Years ago I was talking to a younger programmer about how he wanted to grow as a programmer.
He was officially a junior, but in some ways already ahead of that title. A remarkable written communicator, for example. His commit messages were extensive, nicely formatted, describing the Why, the What, the How. He was empathetic and humble in the way he wrote, always open to the possibility that he “might be missing something here. Can you explain?” Every i dotted, every list bulleted.
When I asked him what his goals were, he said: have you ever seen Formula 1? There are these guys in each racing team. They sit next to the track, in these boxes, and wear headphones. They monitor the race and give directions. I want to be like them! Thinking strategically, communicating directions and ideas.

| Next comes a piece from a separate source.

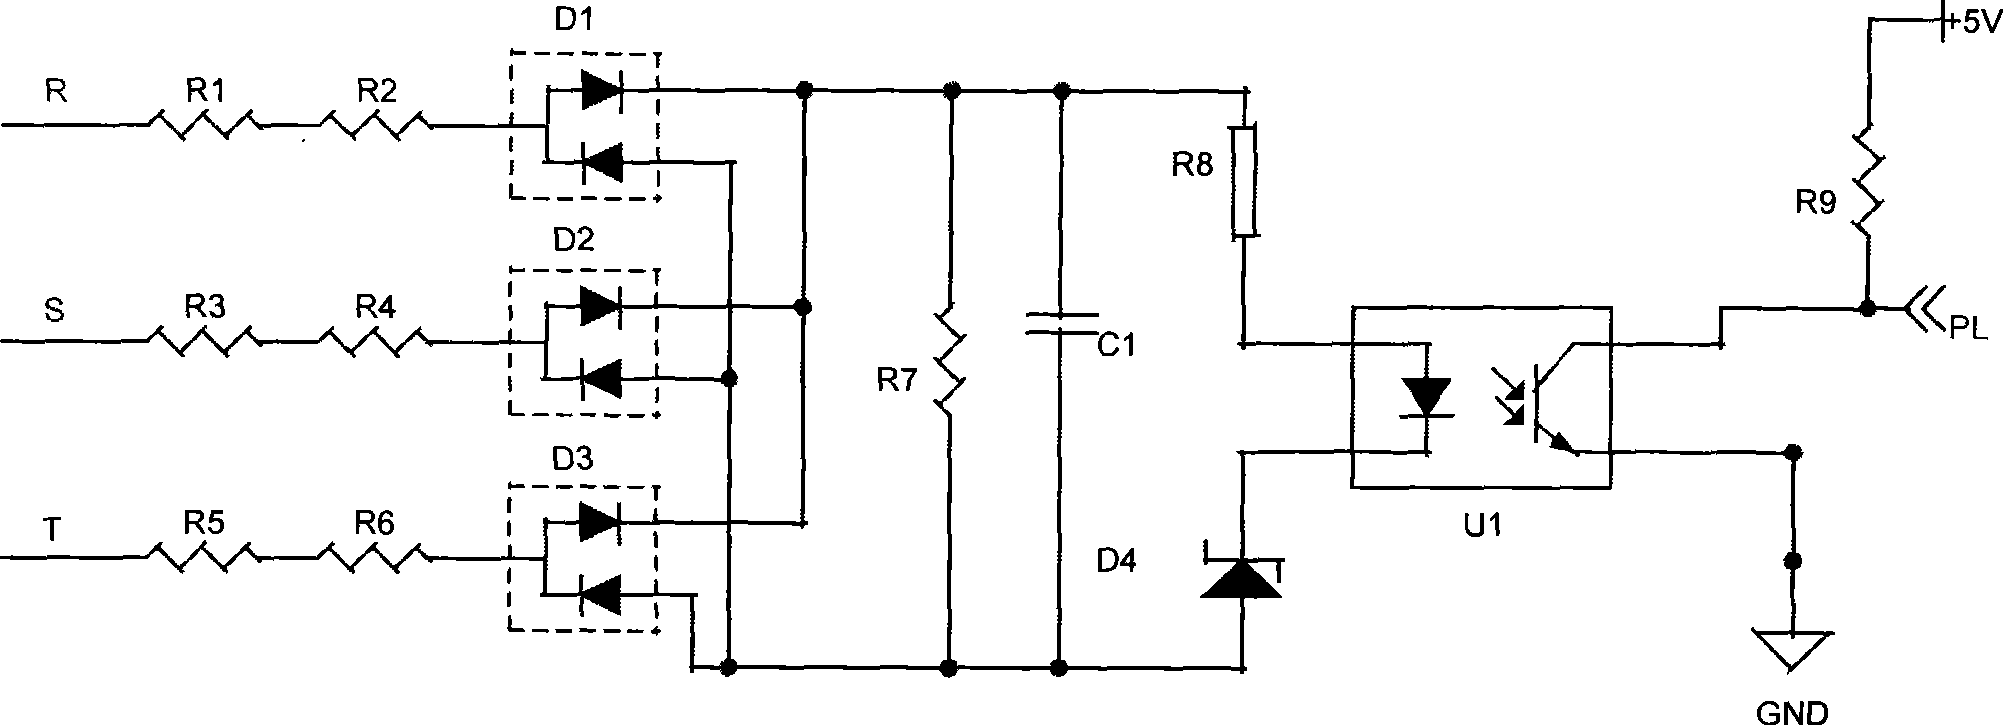 Three-phase power input phase lack detection circuit
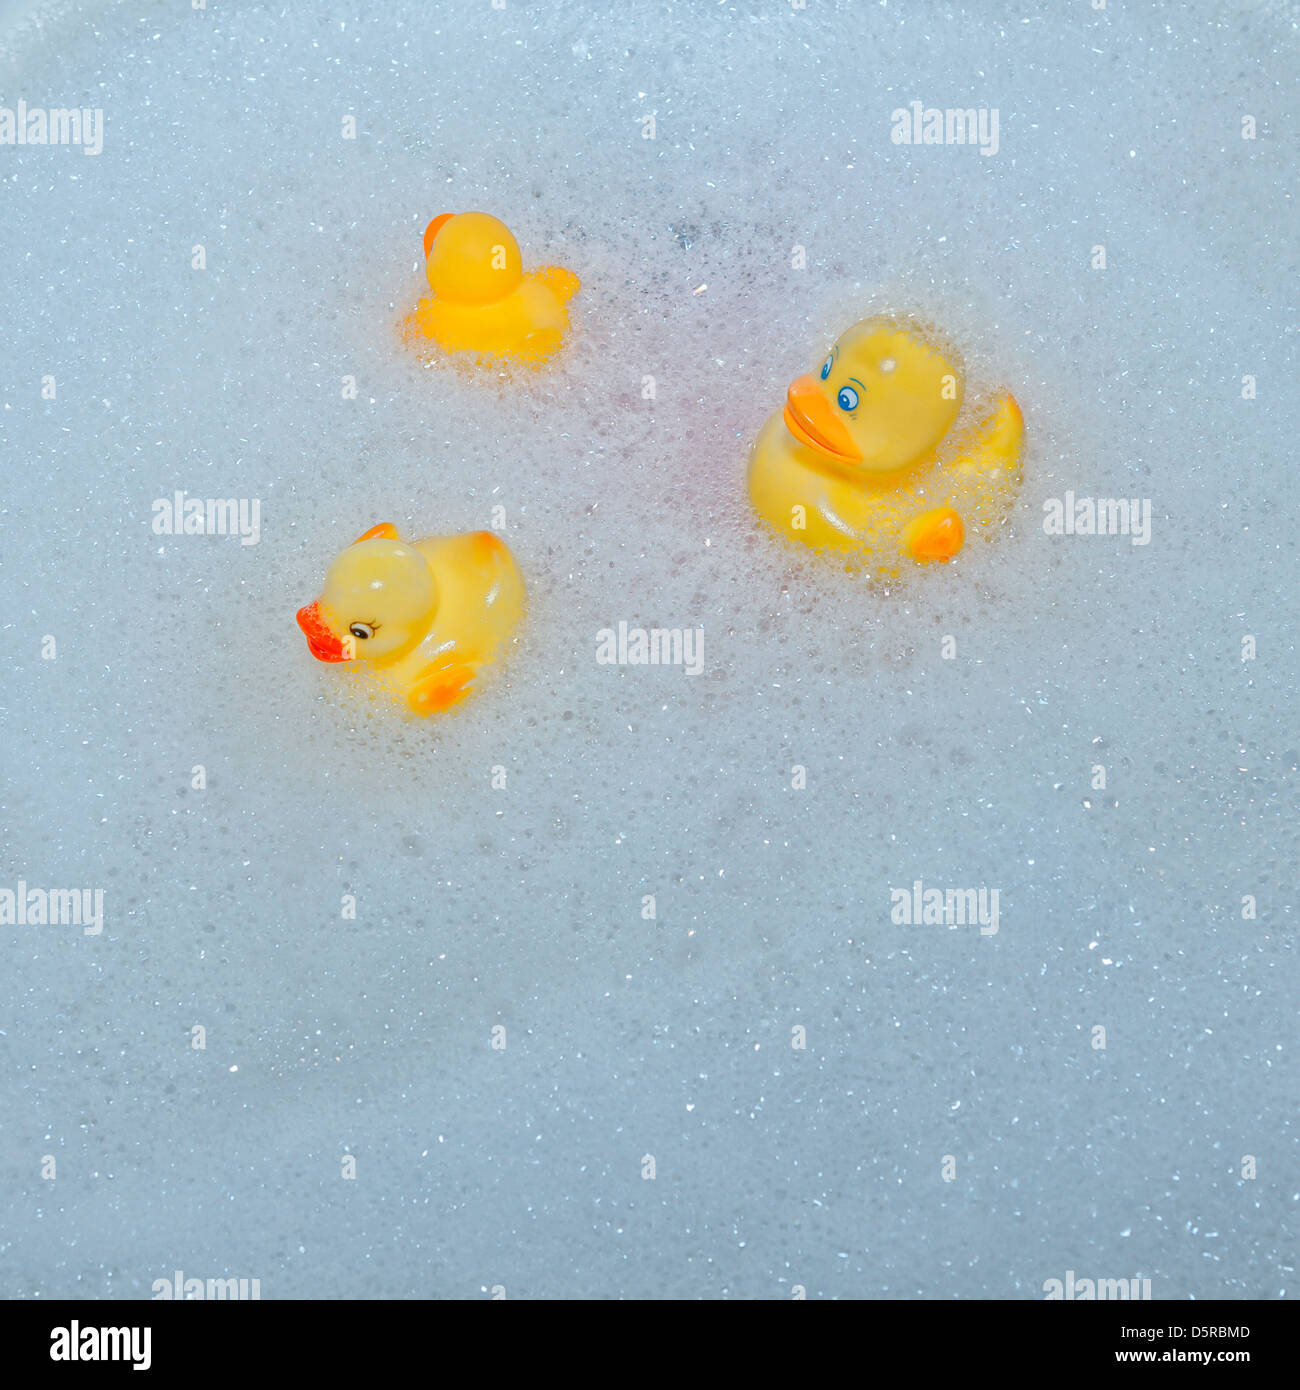 three rubber ducks swimming in foam Stock Photo

Ah, I thought, I know what he’s getting at. He wants to be a tech lead, or staff engineer.
From where I was sitting, though, it looked to me like he could still get a lot better at coding. At testing, at debugging, at changing complex pieces of code, at anticipating side-effects of changes he was making, at understanding his tools and languages. I also thought it was still possible and useful to get faster: faster at producing working code, faster at reading and understanding code, faster at fixing failing tests and reproducing bugs, faster at shipping.
I said: yes, I know that position in Formula 1. Have you ever watched soccer? There are guys like this in soccer too. Midfielders, strategists, high-level thinkers. Players like Zidane, who can read the game like barely anyone else and know exactly who will be where on the pitch and when. They are not known for their running, but for their thinking. But make no mistake: even Zidane can run for 90 minutes and kick the ball into the goal from any spot on the field. No one would care about his pitch-reading if he couldn’t score when he had to.
Reminds me of this post by Nat Bennett:
https://www.simplermachines.com/career-advice-for-engineers-who-arent-supposed-to-exist/
Similar to your advice, he recommends:
Keep your eye on the long view
Don't let yourself get caught up in performance review
Get faster with deliberate practice
Get faster by building stuff
Stay technical
Used to that guy although I never came that good at communication. Sometimes the need for greater coding skills need to be injected.